- [Problem] Only an exact repetition of the lines from the one holding "http://rangirangi.com/sobh-bekheyr-8-khordad/" to the end of the data is wanted, with pictures left out.

- [Source material]
┄┄┄┄┄┄
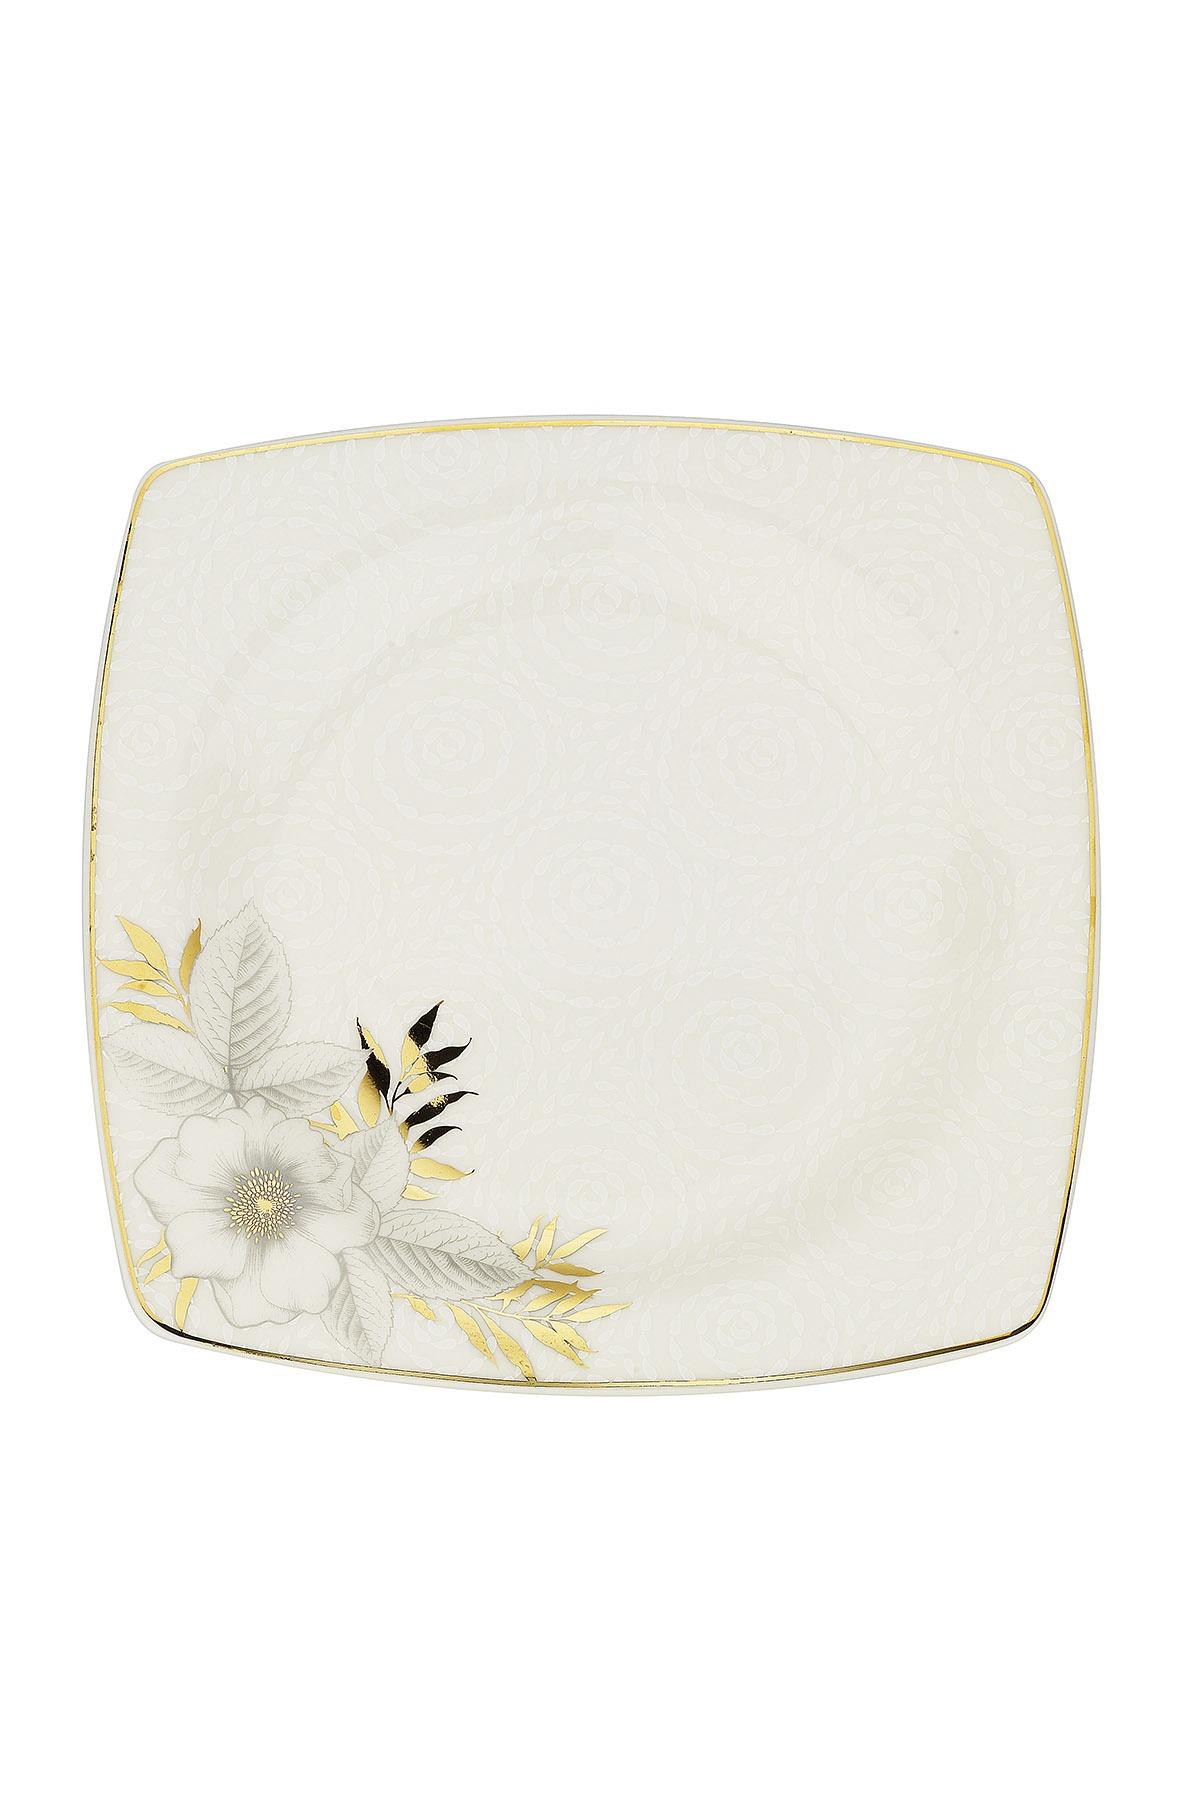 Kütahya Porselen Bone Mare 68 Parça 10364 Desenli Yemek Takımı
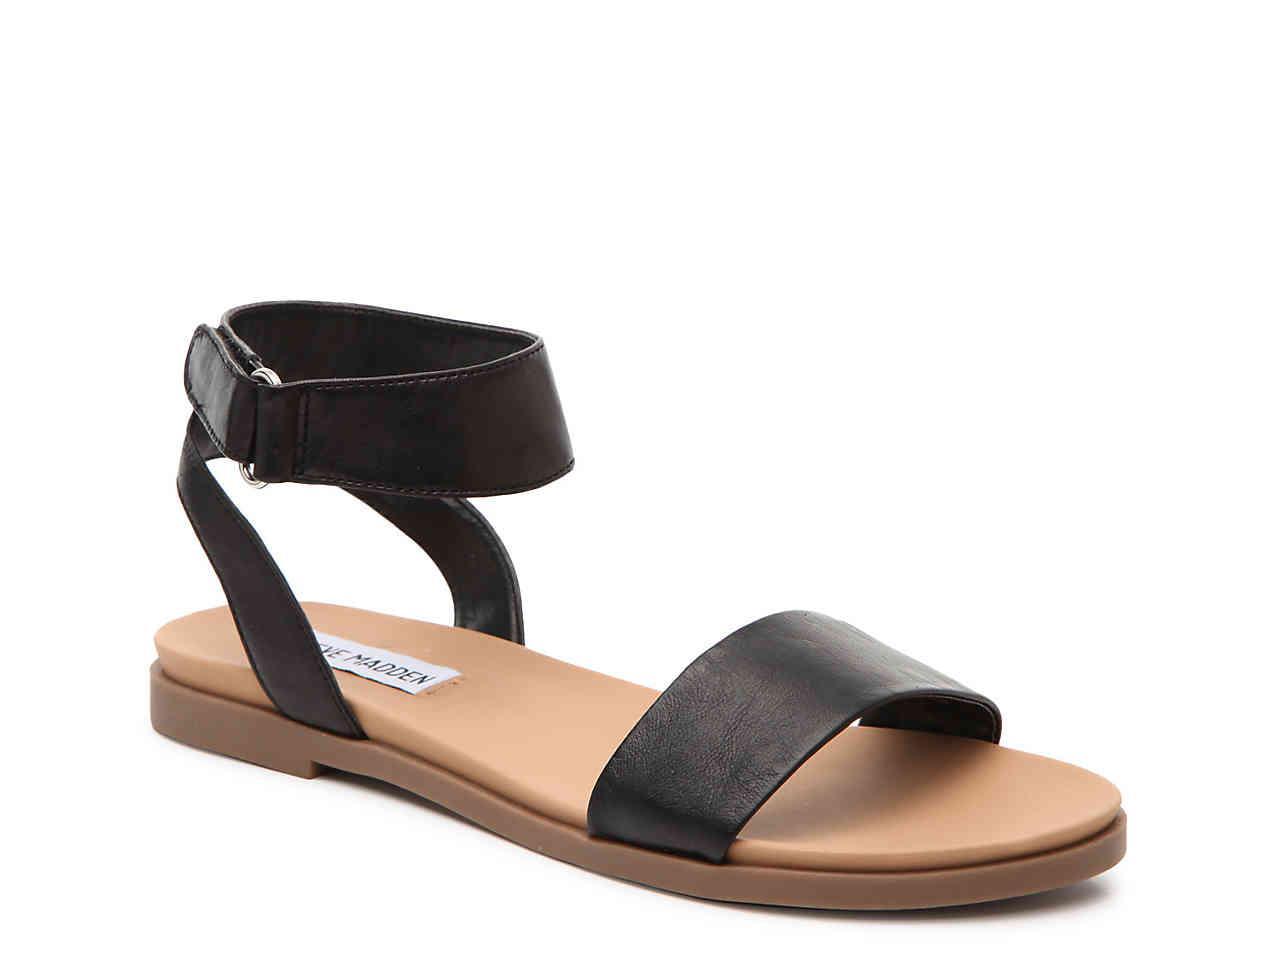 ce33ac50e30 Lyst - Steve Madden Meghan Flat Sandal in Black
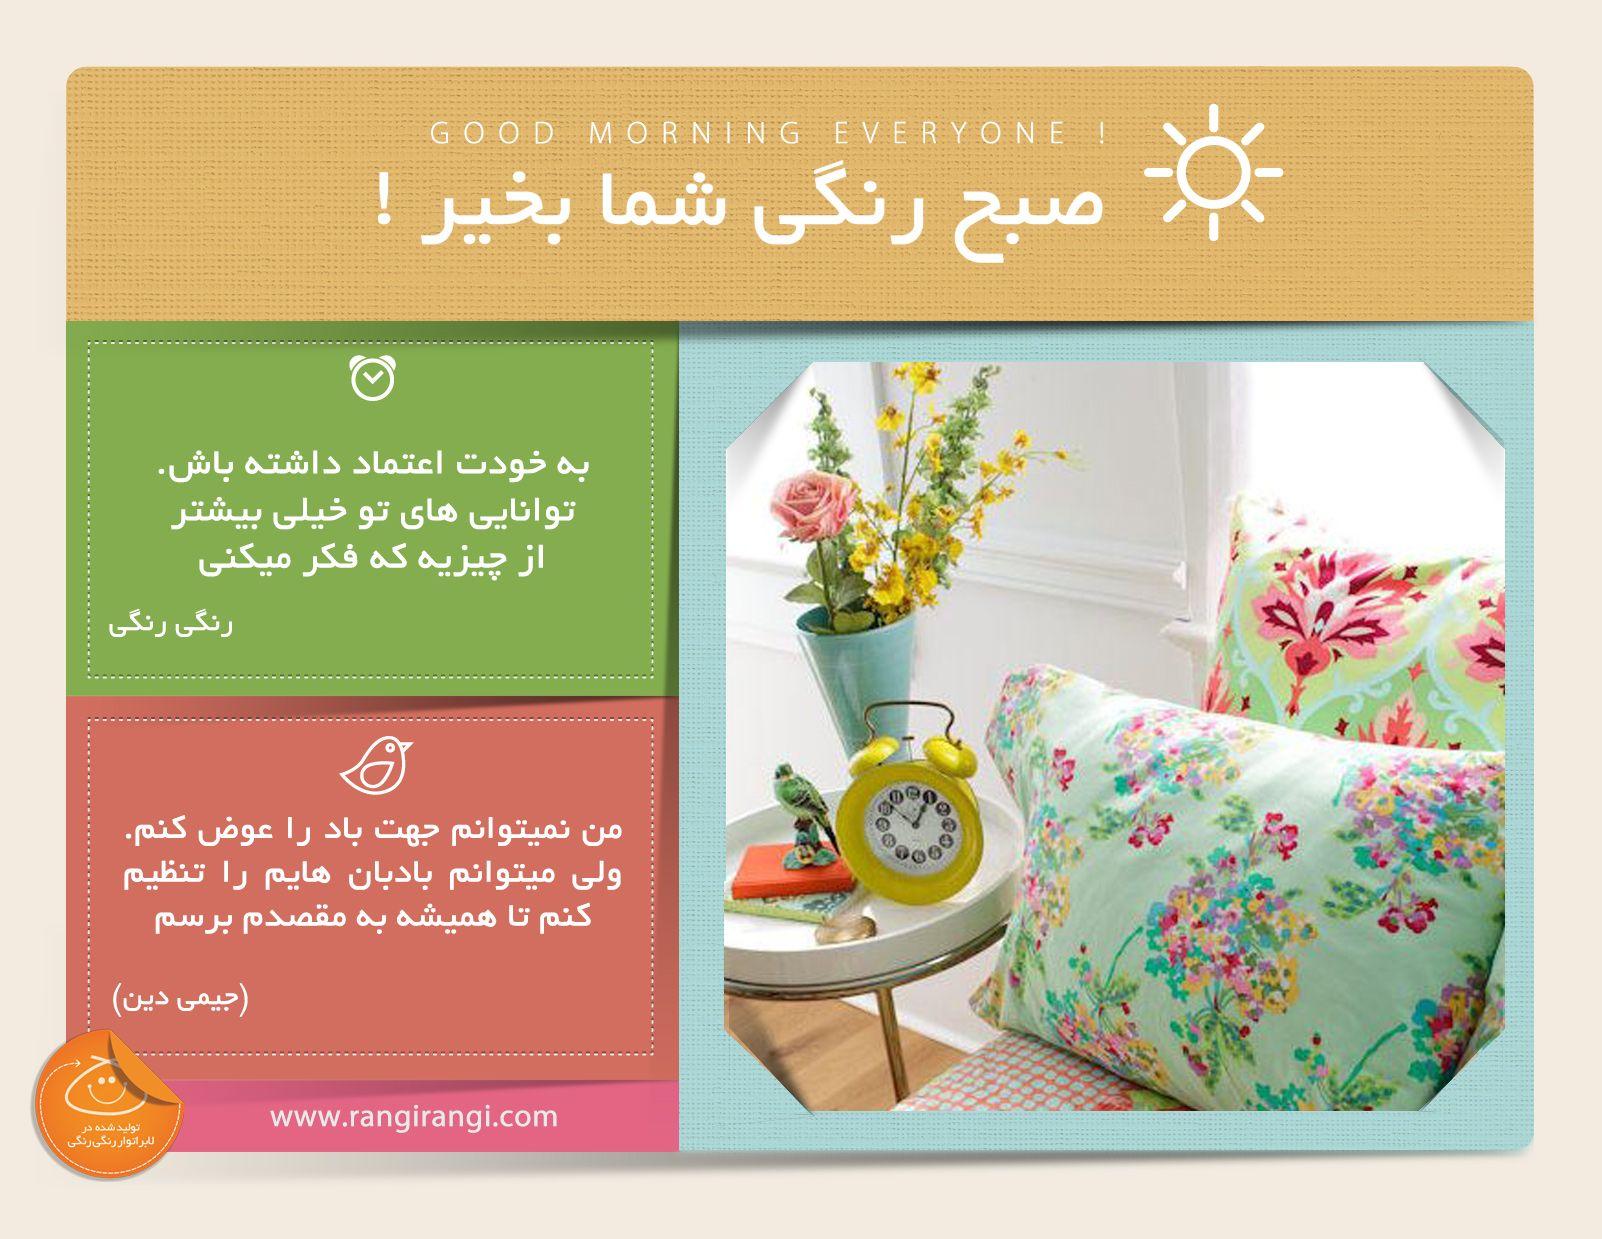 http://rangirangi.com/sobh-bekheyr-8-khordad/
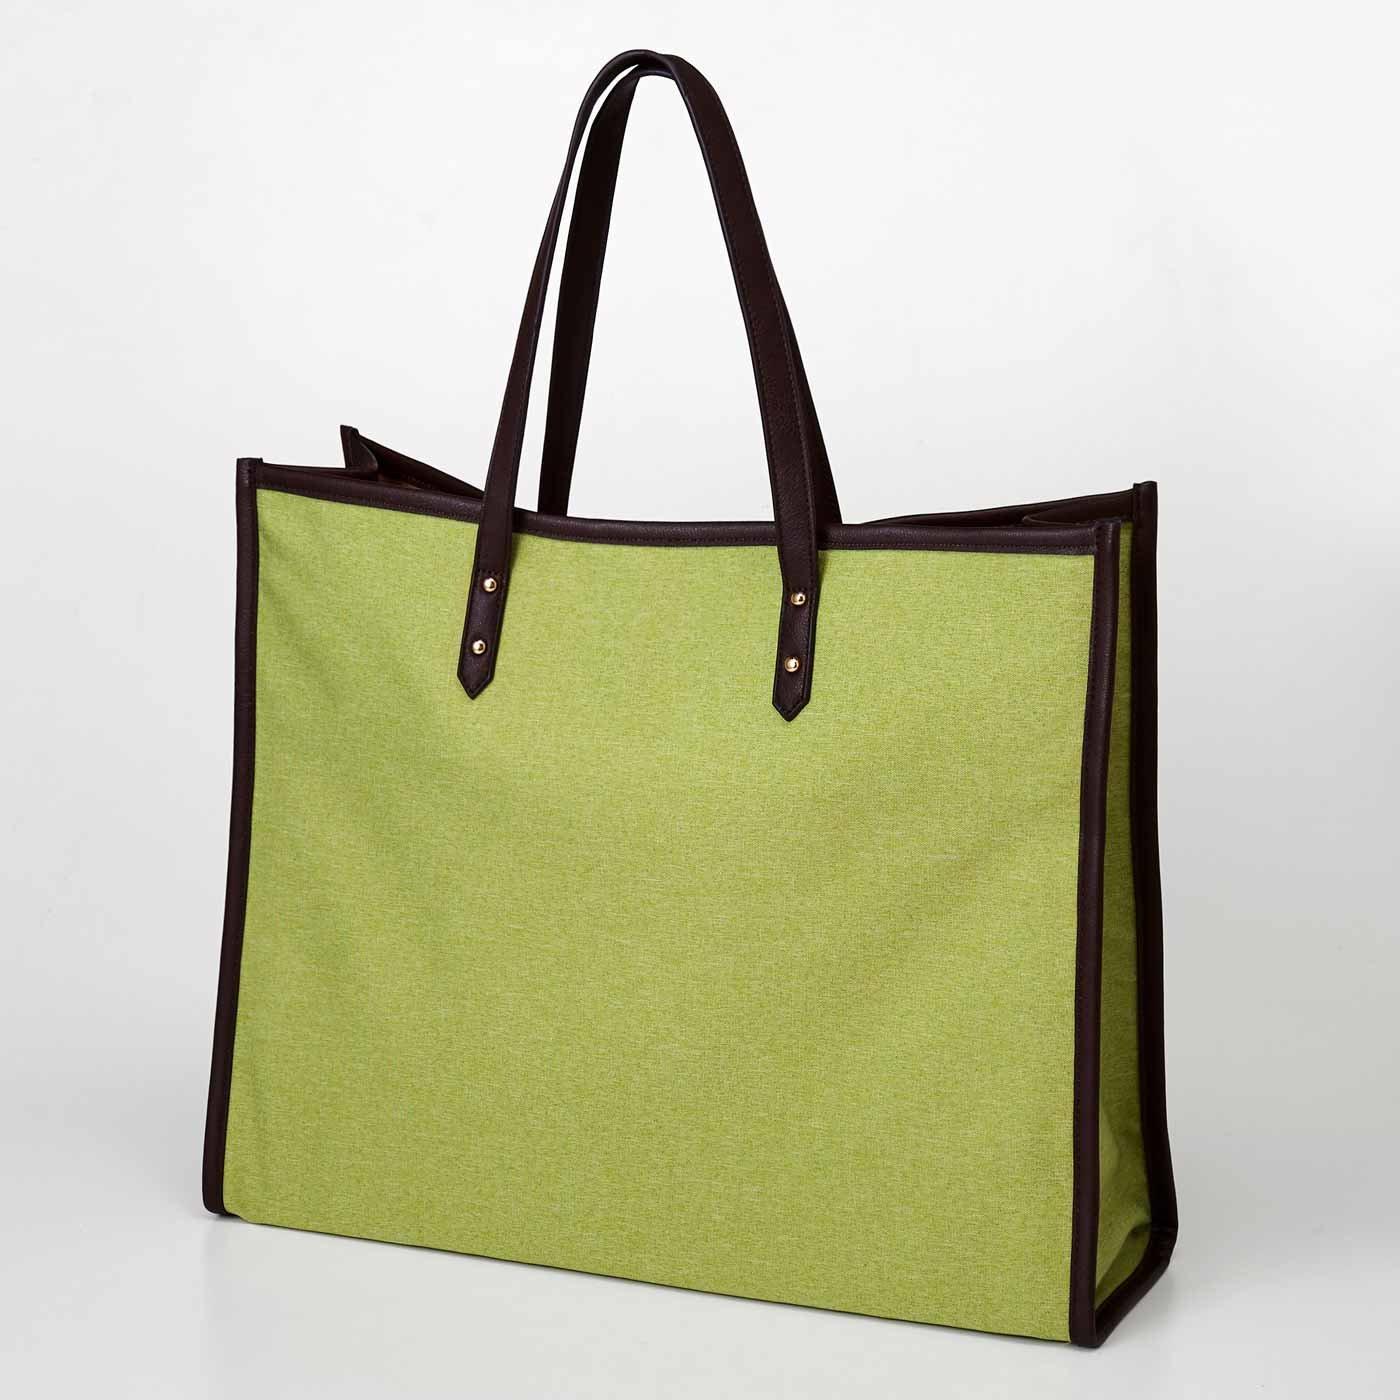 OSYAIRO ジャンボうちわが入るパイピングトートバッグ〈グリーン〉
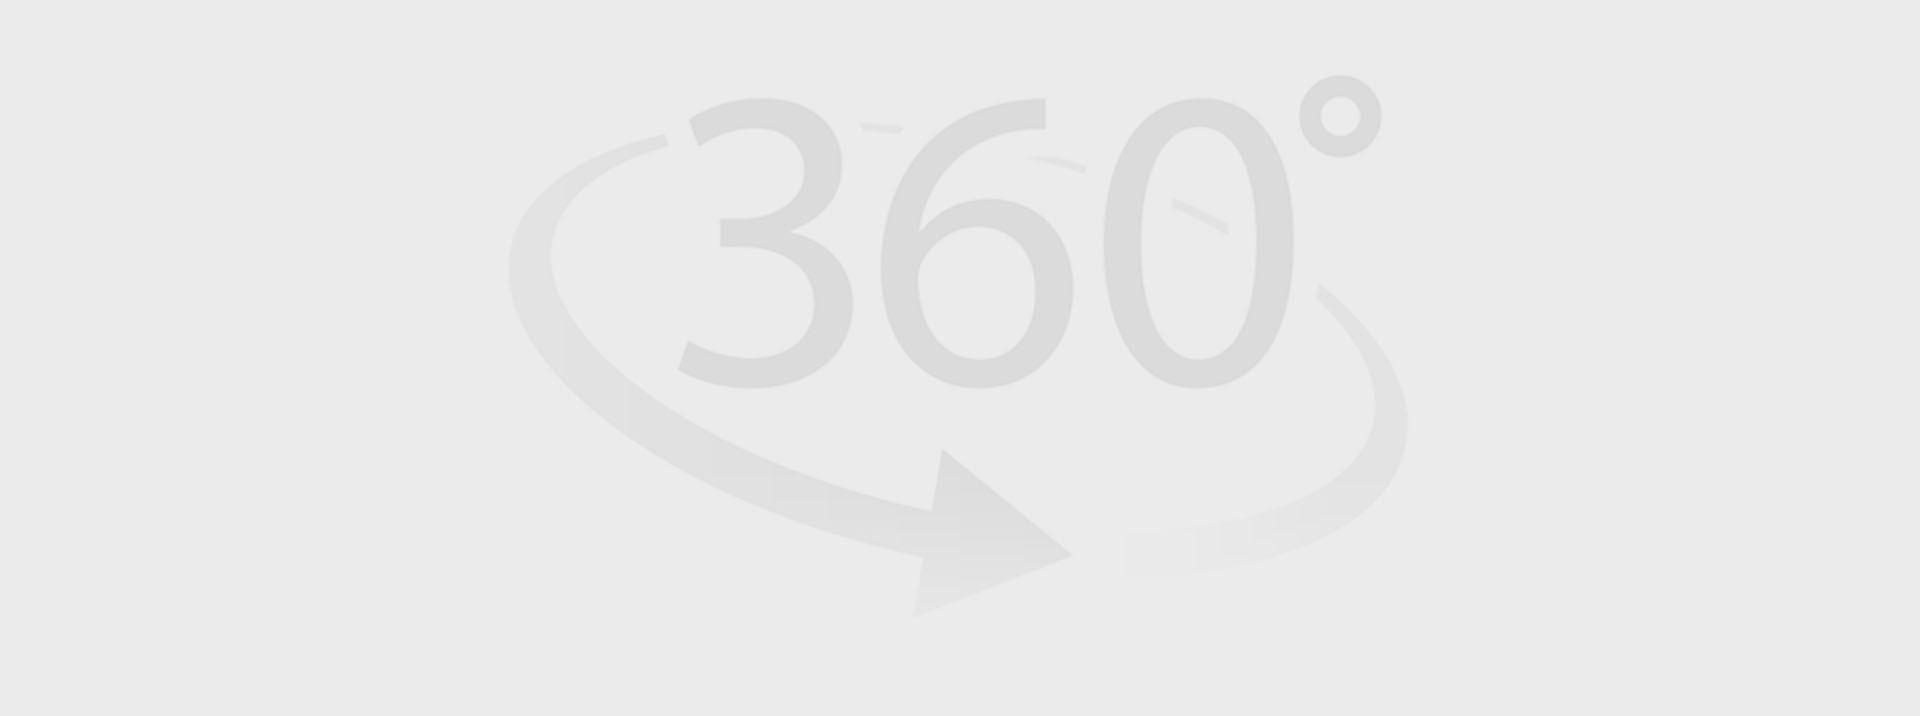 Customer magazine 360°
┄┄┄┄┄┄
- [Exercise result]
 http://rangirangi.com/sobh-bekheyr-8-khordad/
 OSYAIRO ジャンボうちわが入るパイピングトートバッグ〈グリーン〉
 Customer magazine 360°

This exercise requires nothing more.